Thumb www.jabalamel.fanclub.com 05 January 2012, 17:42

also if you think this demon is your friend you very wrong. He does not like you. In school here in jbeil we always fight with ouniyye and they same like demon. they just pretend

Thumb Bandoul 05 January 2012, 18:03

ATTENTION!!! This just in:

Jabal Habal is a homeless vagrant! He lives at Internet cafe's and suffers from a multiple personality disorder as witnessed by his use of multiple screen names and conversing back and forth between them. It seems he is tethered to the Internet as he is available to comment on any article at any given point in time. Apparently jobless and homeless, he panders on the street for pocket change in order to afford his Internet addiction and obsession with Zionists which coupled with his M14 derangement syndrome has driven him insane.

This sad story repeats itself daily impacting many youths in Dahyieh as they are deprived from education and morality and taught to defile and twist Islam into an ideology of hate and oppression.

Default-user-icon Murad (Guest) 05 January 2012, 18:30

I like how the FSA openly says it is armed, and the mentioned video talks about FSA officers sitting with AL observers to show "there are no armed gangs." You can't make this stuff up!

Thumb Bandoul 05 January 2012, 18:56

Nobody stepped on your tail Mowaten IRANI. Go hang out at tayyar.org where you belong if you cant handle witnessing fellow idiots reduced to their natural size.

Thumb shab 05 January 2012, 20:50

pull out and bomb Syria

Thumb chrisrushlau 05 January 2012, 21:54

The monitors might not see the armed terrorist, I mean, defective soldiers, in the proper light.
Meanwhile, Lebanon is doing everything it can to make sure that the quarter who are Christian live in equality with the three quarters who are Muslim. I wonder: does that mean each Christian pays three times as much tax: "no taxation without representation"?
And Qatar, where everybody you need to know, from head of Al Jazeera, to prime minister, to Emir, is named "al Thani". This didn't protect the previous Emir, however.

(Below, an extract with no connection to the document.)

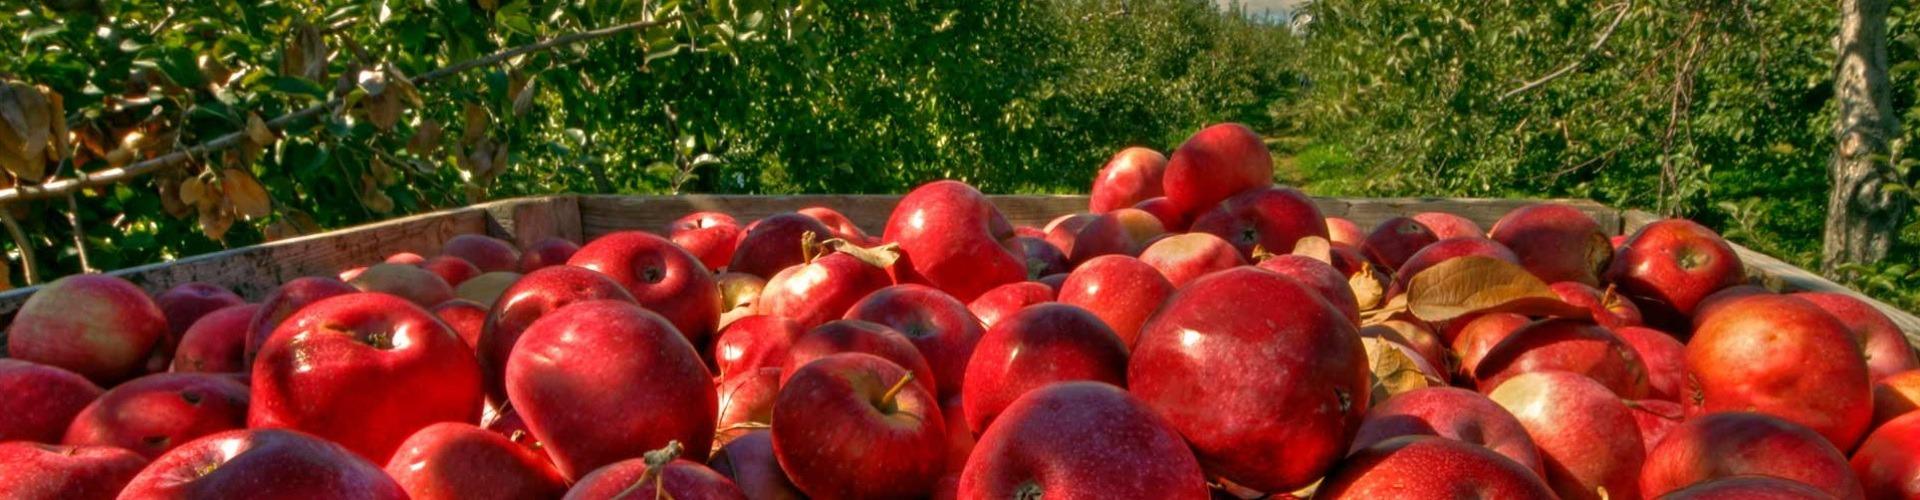 Kerüljön alma a spájzba!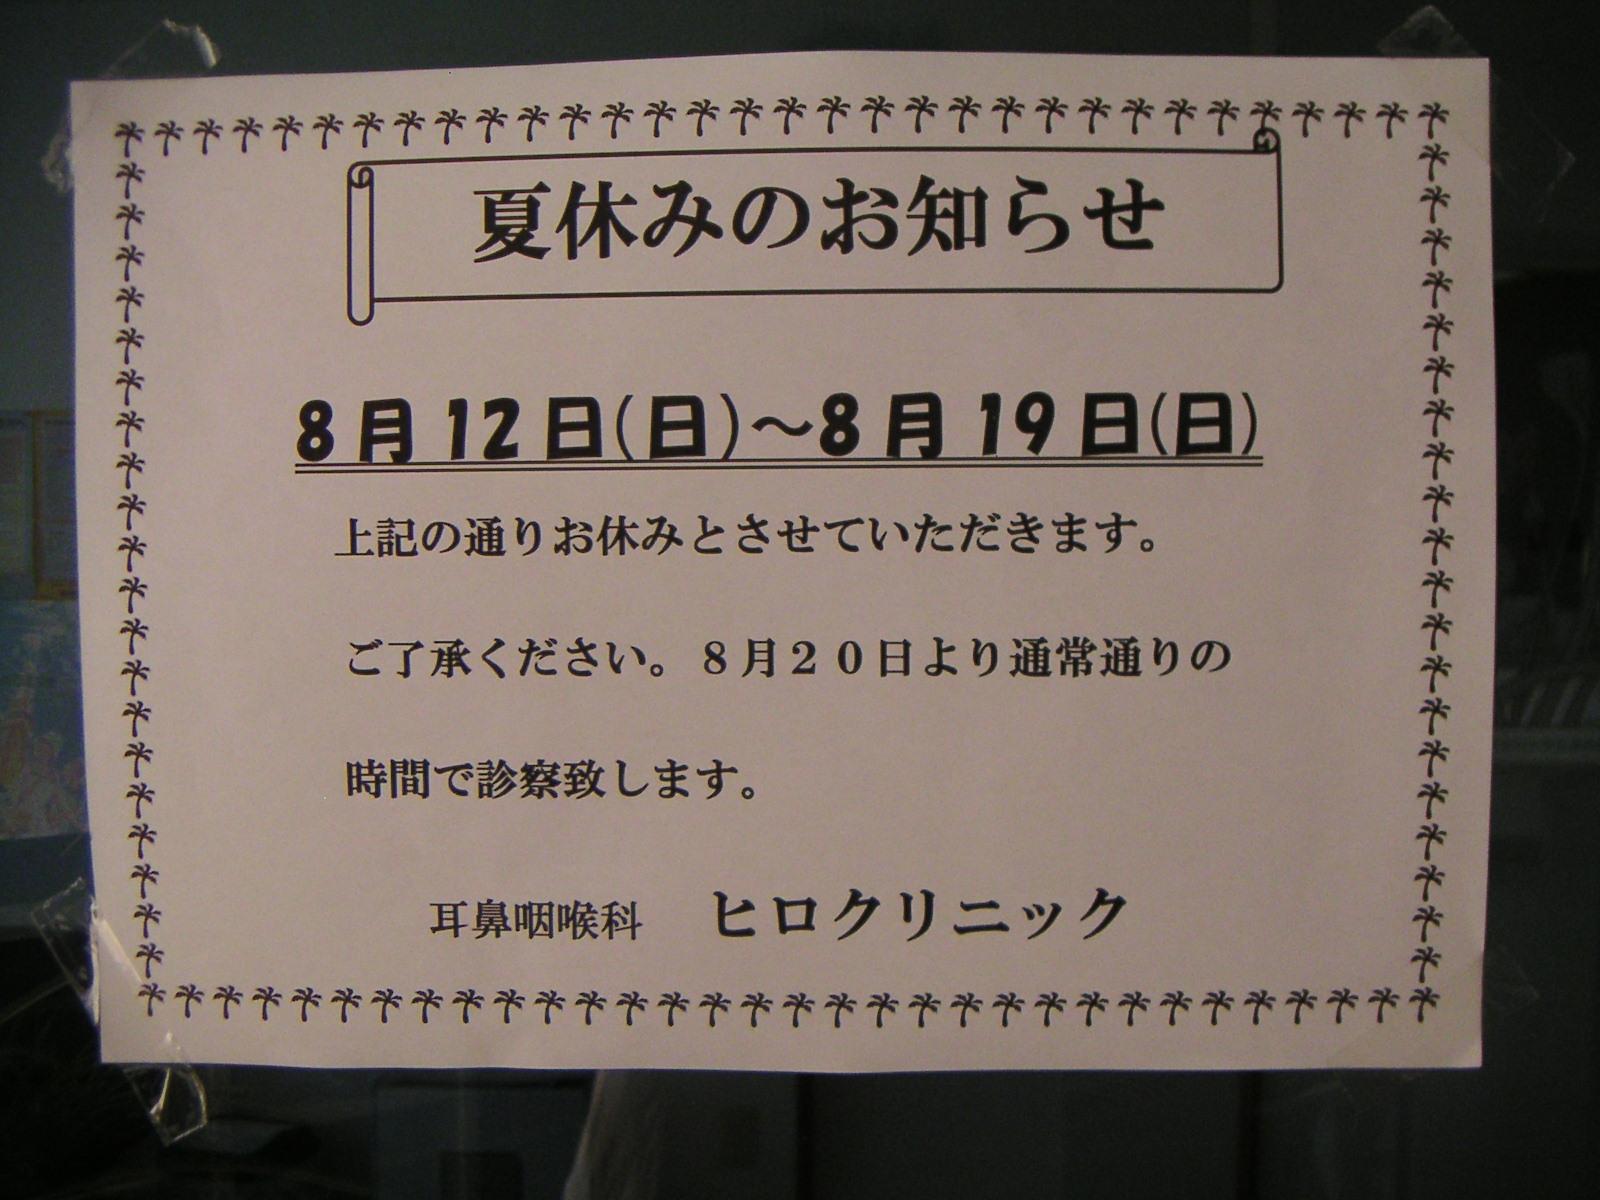 夏休みのお知らせ!(←うちじゃないよ!笑)_d0035245_9351780.jpg

Default-user-icon Name (Guest) 05 January 2012, 23:49

chrisrushlau the hypocrite with the still missing brain forget about what the monitors see, you see the Christians overrepresented in Lebanon and the al Thani family ruling in Qatar but you are blind to the 10% Alawis and the Assad family ruling Syria for 40 years.
I wonder: if are you truly this foolish or you play the fool on the internet

Thumb jabalamel 06 January 2012, 19:42

bandoul is a newcomer in zionist information war department and he is trying to be more zelaous than his older colleagues because he wants to keep his post there.

for cowards like him, better that than being recruited by real army and actually being in danger.